--- TRY IT ---
Pictures aside, return every line below exactly as written.

--- SOURCE MATERIAL ---
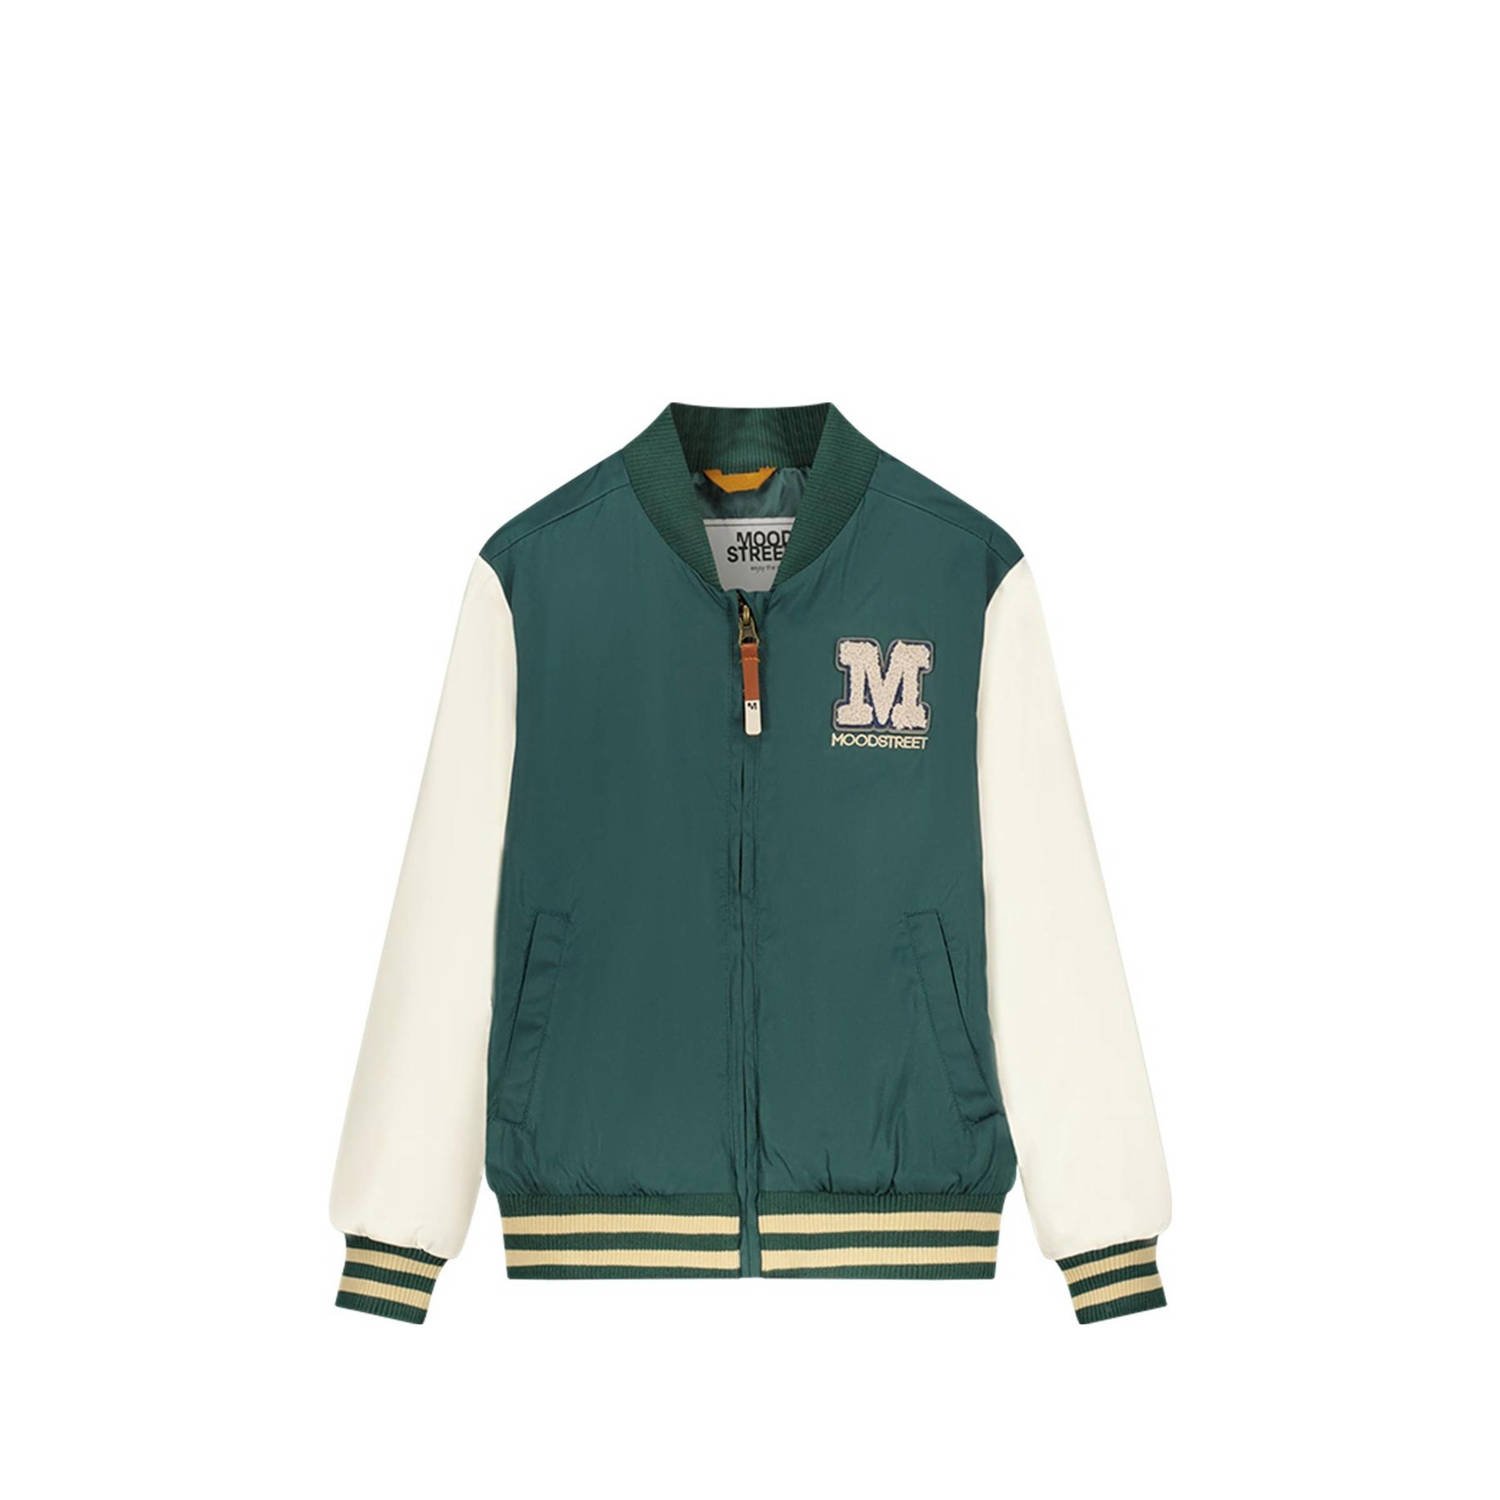 Moodstreet baseball jacket groen offwhite
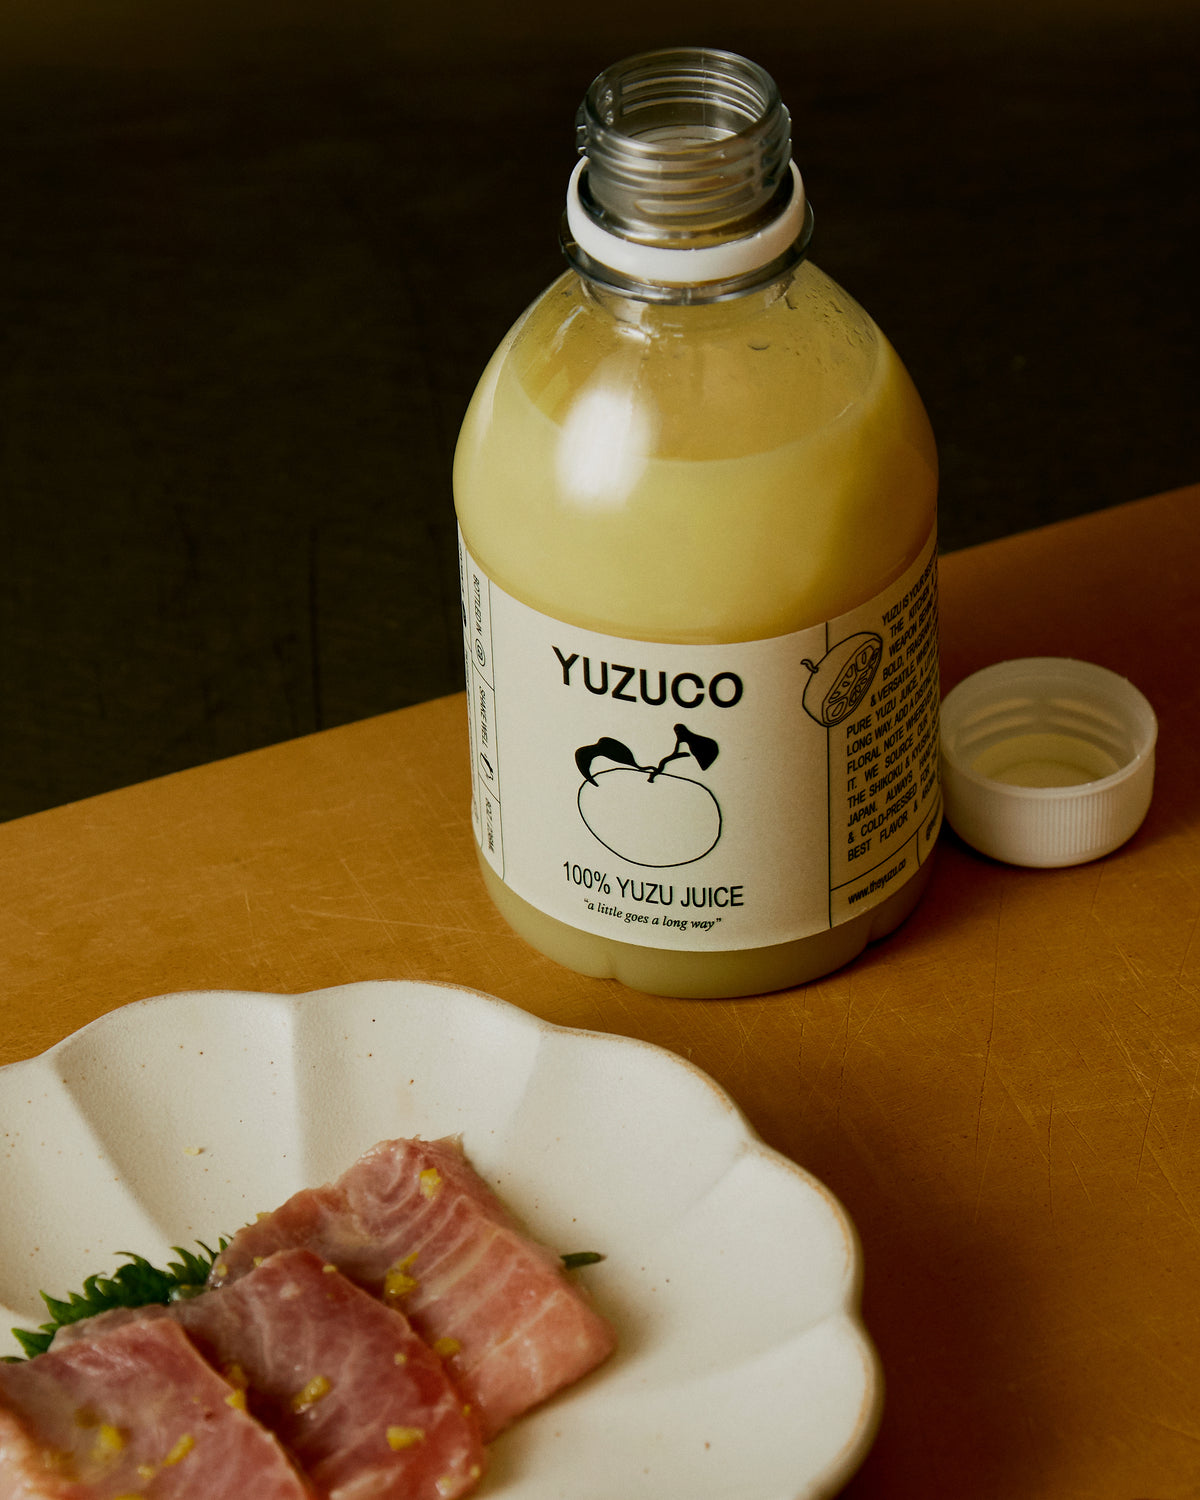 Yuzuco 100% Yuzu Juice on counter next to tuna sashimi
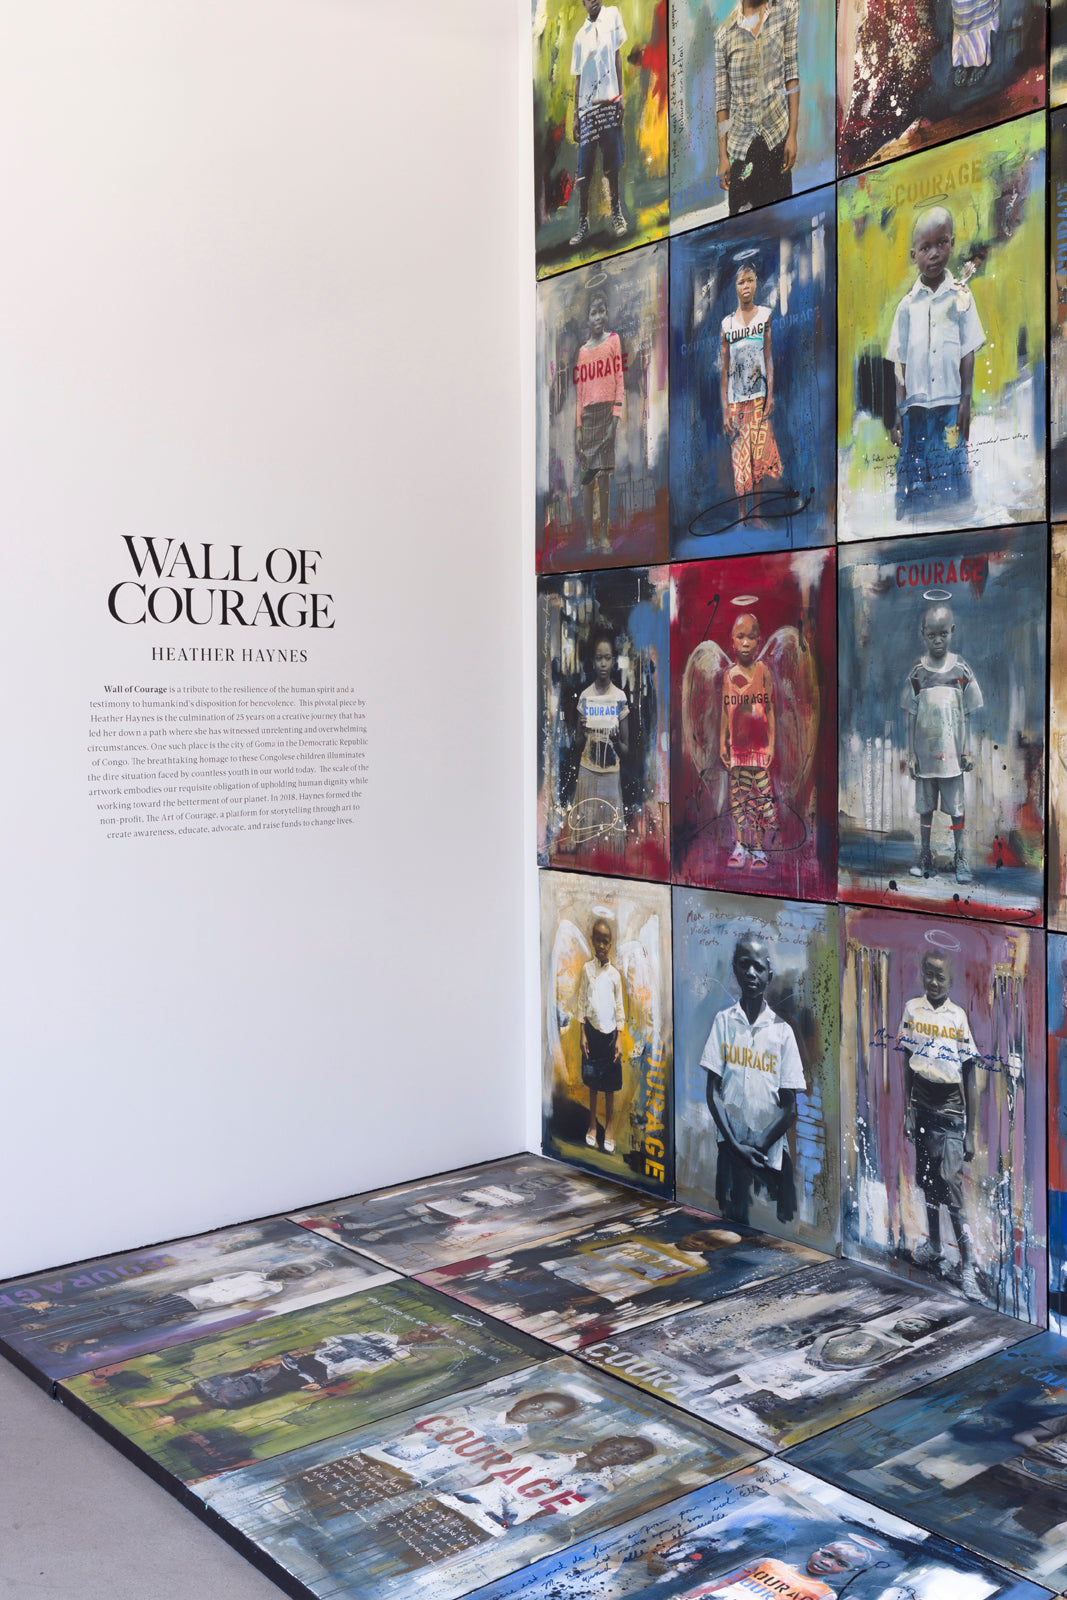 Wall of Courage: Azaf

--- RESPONSE TO THIS TASK ---
 Moodstreet baseball jacket groen offwhite
 Yuzuco 100% Yuzu Juice on counter next to tuna sashimi
 Wall of Courage: Azaf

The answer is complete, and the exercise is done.